What to produce: Here the job is to repeat the listing exactly, but not the pictures in it.

Stored data:
◆ ◆ ◆ ◆
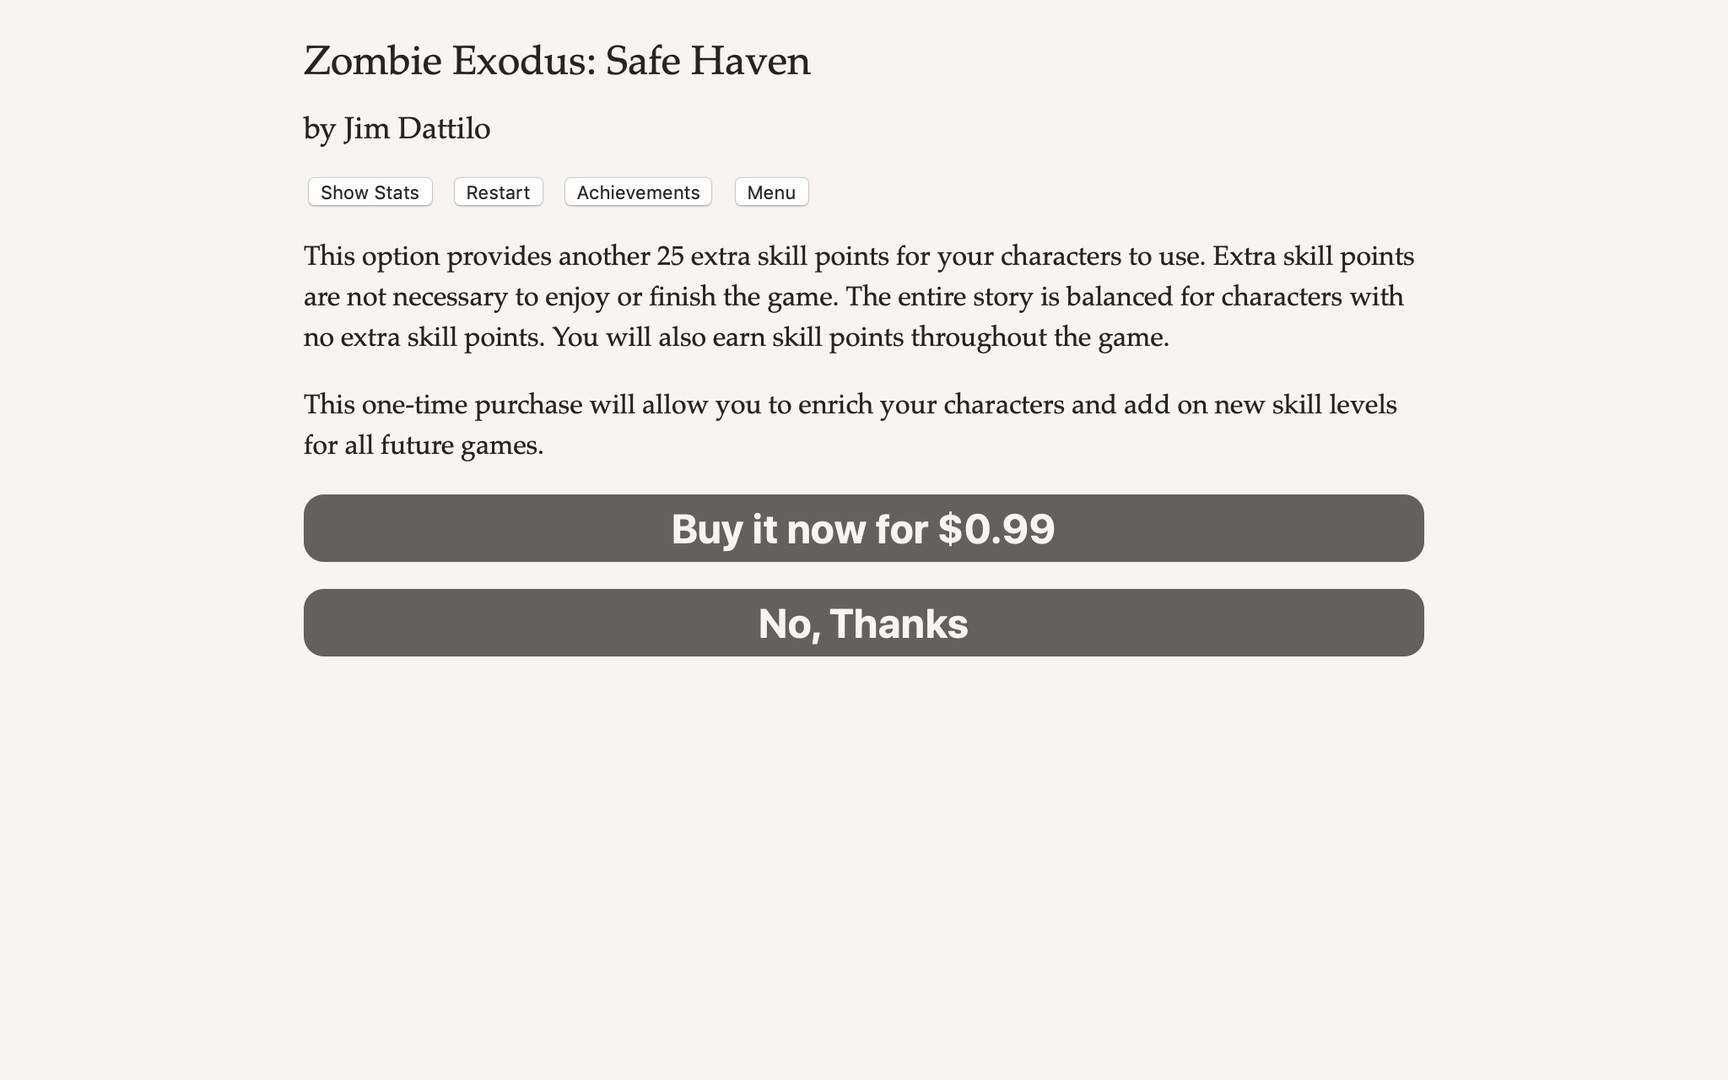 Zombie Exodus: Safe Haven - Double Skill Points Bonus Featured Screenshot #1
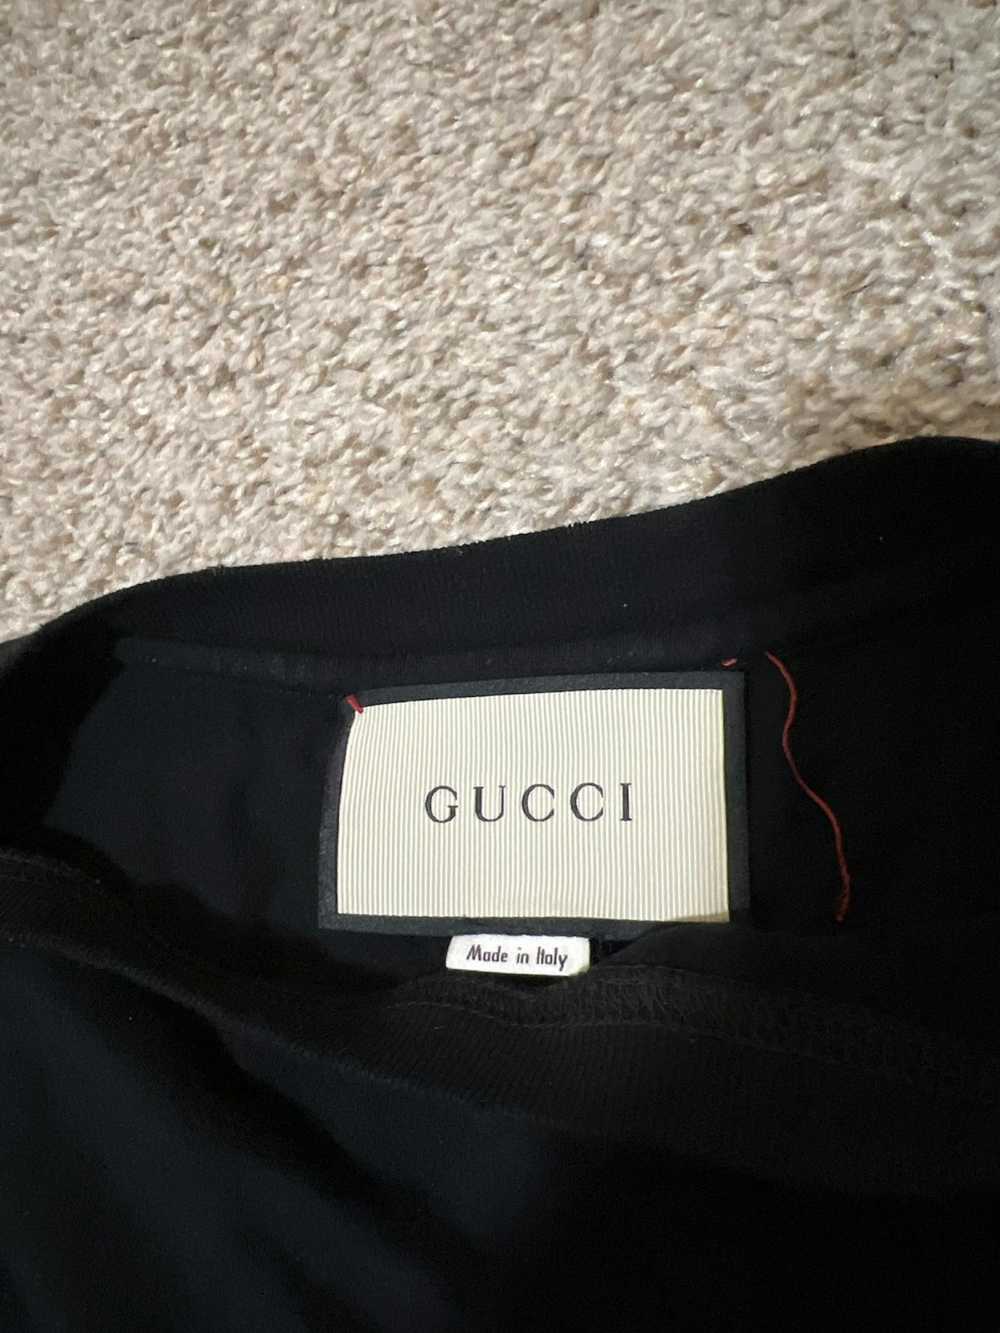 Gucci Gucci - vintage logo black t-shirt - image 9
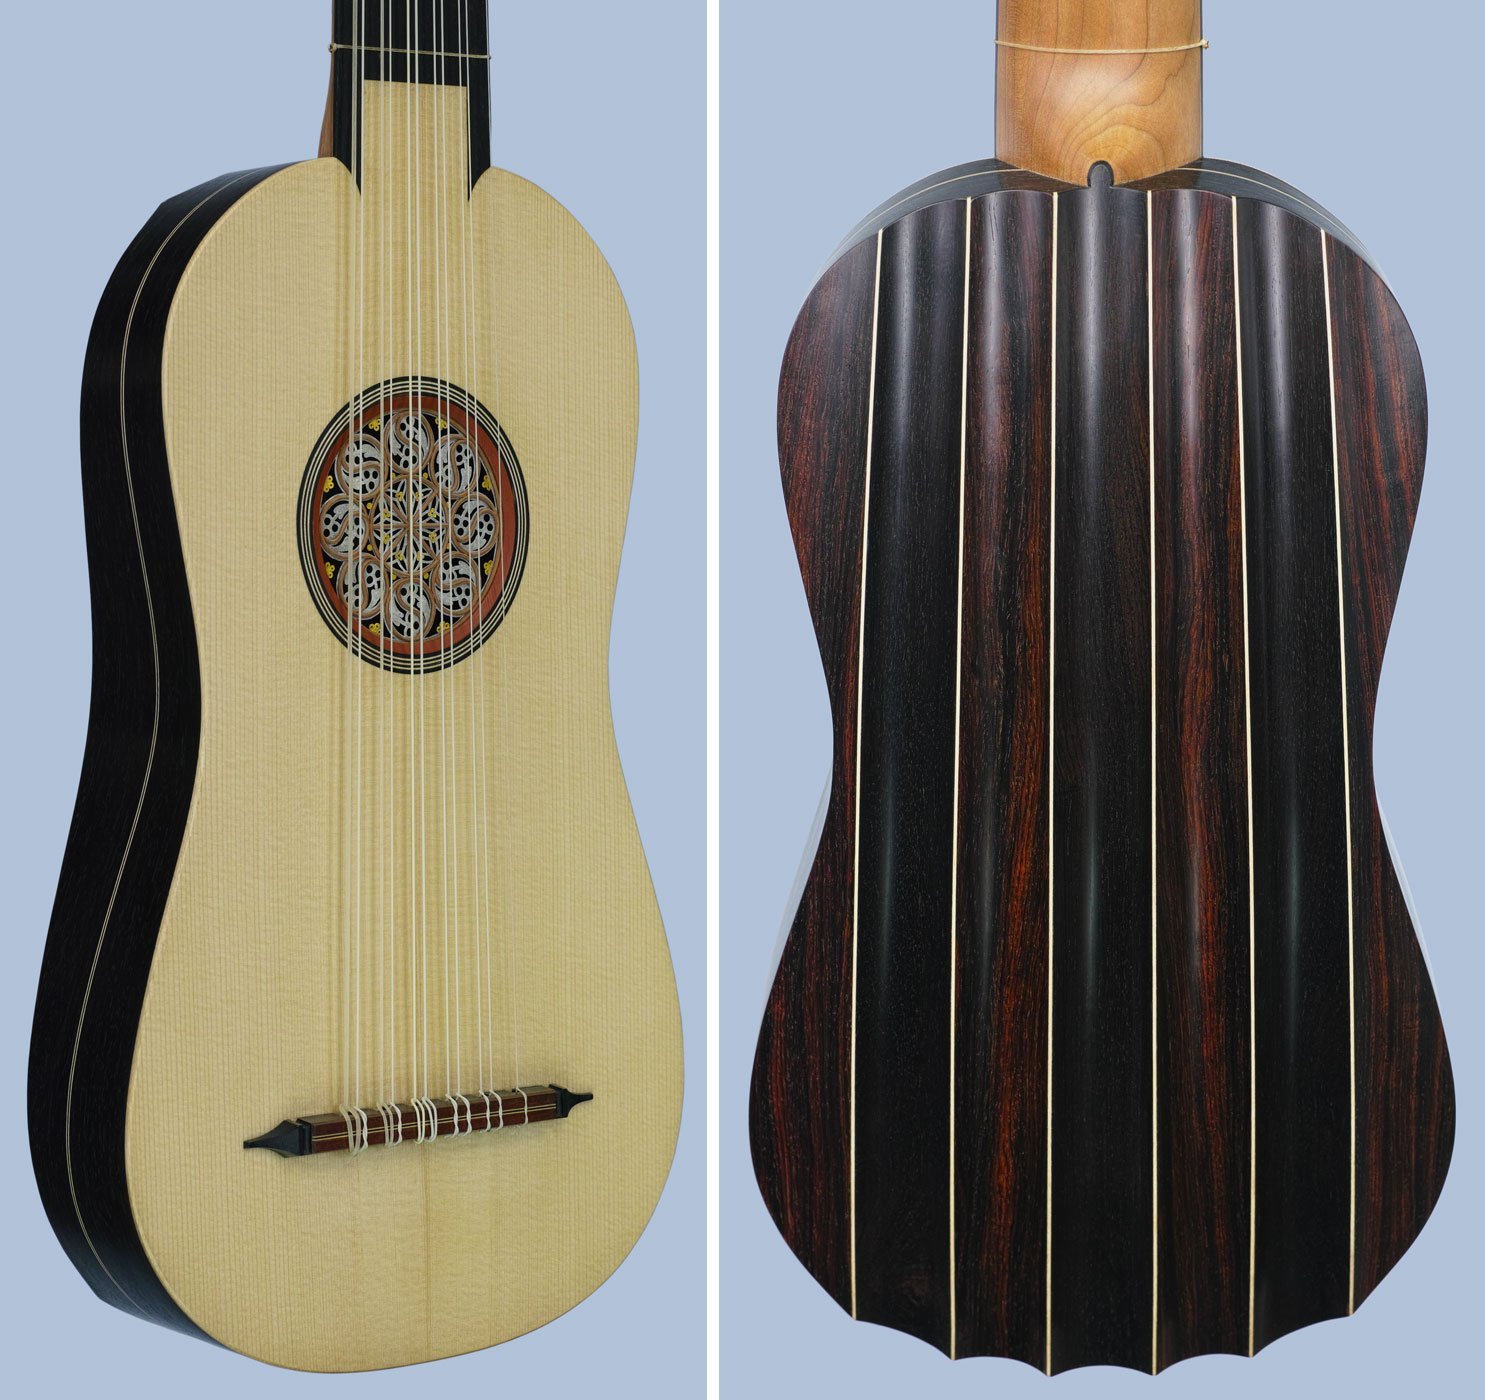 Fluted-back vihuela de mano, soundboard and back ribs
◆ ◆ ◆ ◆
Reply:
 Zombie Exodus: Safe Haven - Double Skill Points Bonus Featured Screenshot #1
 Gucci Gucci - vintage logo black t-shirt - image 9
 Fluted-back vihuela de mano, soundboard and back ribs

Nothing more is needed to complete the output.